Phoenix Group’s plan to scale within the Gulf, whereas weighing a U.S. itemizing, places sovereign energy economics into the combo for AI infrastructure.
Those buildings may pull extra miners into joint ventures the place utilities or power buyers anchor long-term contracts in return for capability rights, precedence interconnects, or fairness stakes.
For crypto fundamentals, the pivot may gradual the speed at which community hashrate expands via 2026 if materials parts of new energy are routed to GPUs as an alternative of ASICs. The community will nonetheless add hash as new websites come on-line and as older fleets refresh, but the slope can flatten relative to the final surge.
That wouldn’t cease capital from getting into mining, as high bitcoin costs and price spikes can nonetheless enhance returns; nevertheless, it makes the hashrate leaderboard a weaker proxy for fairness worth than it was in prior cycles.

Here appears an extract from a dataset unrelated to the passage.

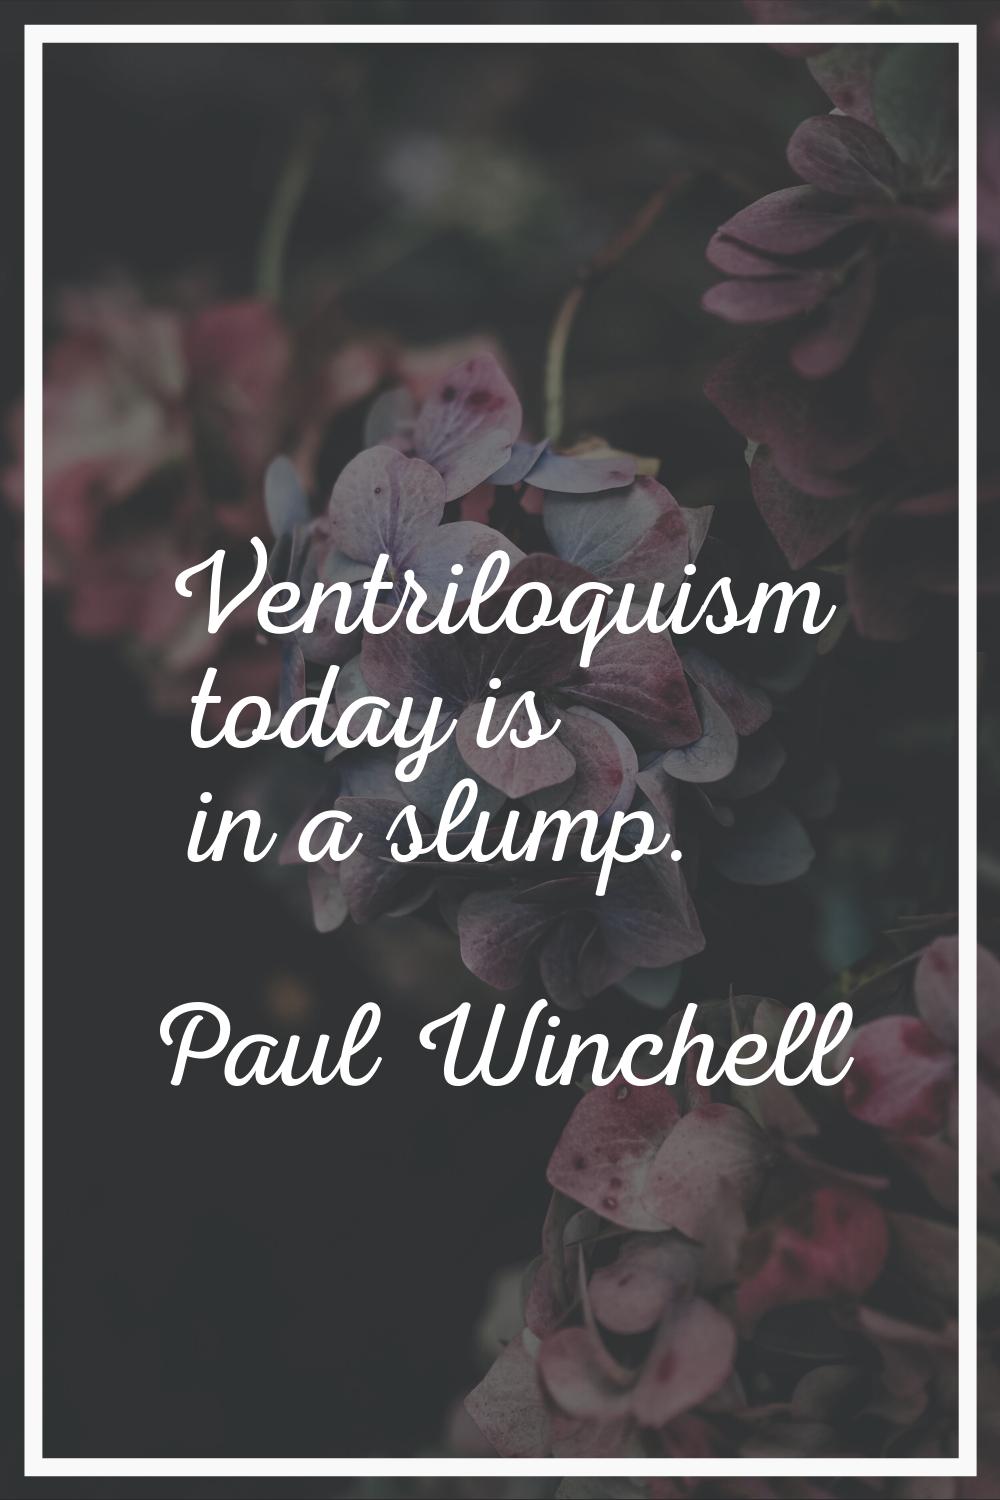 Ventriloquism today is in a slump.

Below is a concise snapshot of the place the most important listed miners stand in the present day. Status displays whether or not AI/HPC is already producing income or continues to be within the planning or analysis phases, primarily based on firm disclosures and mainstream reporting.
| Bitcoin Miner | Hashrate (EH/s) | % of Global Network | AI/HPC Involvement | Status |
|---|---|---|---|---|
| Marathon Digital Holdings | 57.4 | 5.3% | Acquiring 64% of EDF’s Exaion to develop AI/HPC infrastructure | Revenue |
| CleanSpark | 50.0 | 4.6% | Building 285 MW AI/HPC data-centre campus in Texas (contracts beneath improvement) | Revenue |
| Iris Energy (IREN) | 45.4 | 4.2% | Operating renewable-powered GPU AI cloud clusters with H100/H200 programs | Revenue |
| Riot Platforms | 36.5 | 3.4% | Evaluating AI/HPC repurpose of 600 MW Corsicana facility (paused mining growth) | Planning |
| Bitdeer Technologies | 35.0 | 3.2% | Running industrial AI cloud service using NVIDIA DGX H100/H200 GPUs | Revenue |
| Cipher Mining | 23.6 | 2.2% | Reported multi-year AI data-centre leases (AWS & Fluidstack, ~$8.5 B whole) | Revenue |
| Core Scientific | 19.1 | 1.8% | Hosting AI/ML workloads for CoreWeave beneath 12-year contract (~70 MW) | Revenue |
| Bitfarms | 19.5 | 1.8% | Conducting HPC/AI conversion feasibility with Appleby Strategy Group | Planning |
| TeraWulf | 12.8 | 1.2% | Signed 10-year AI internet hosting contracts (> 200 MW, Google-backed Fluidstack) | Revenue |
| Phoenix Group* | 15.0 * | 1.9% * | Expanding towards 1 GW hybrid data-centre capability for AI/HPC by 2027 (deliberate) | Planning |
What to watch now could be easy and measurable. Track contracted AI megawatts and {dollars} per MW per 12 months in new filings, utility capex trajectories, and ERCOT load revisions, and thirty-day averages for bitcoin charges relative to the subsidy using sources like CoinWarz.
Those information factors will let you know how a lot mining energy shifts to GPUs, how rapidly campuses energize, and the way the per-MW income hole evolves. The largest miners are already executing on that playbook.
The publish 70% of top Bitcoin miners are already using AI income to survive bear market appeared first on CryptoSlate.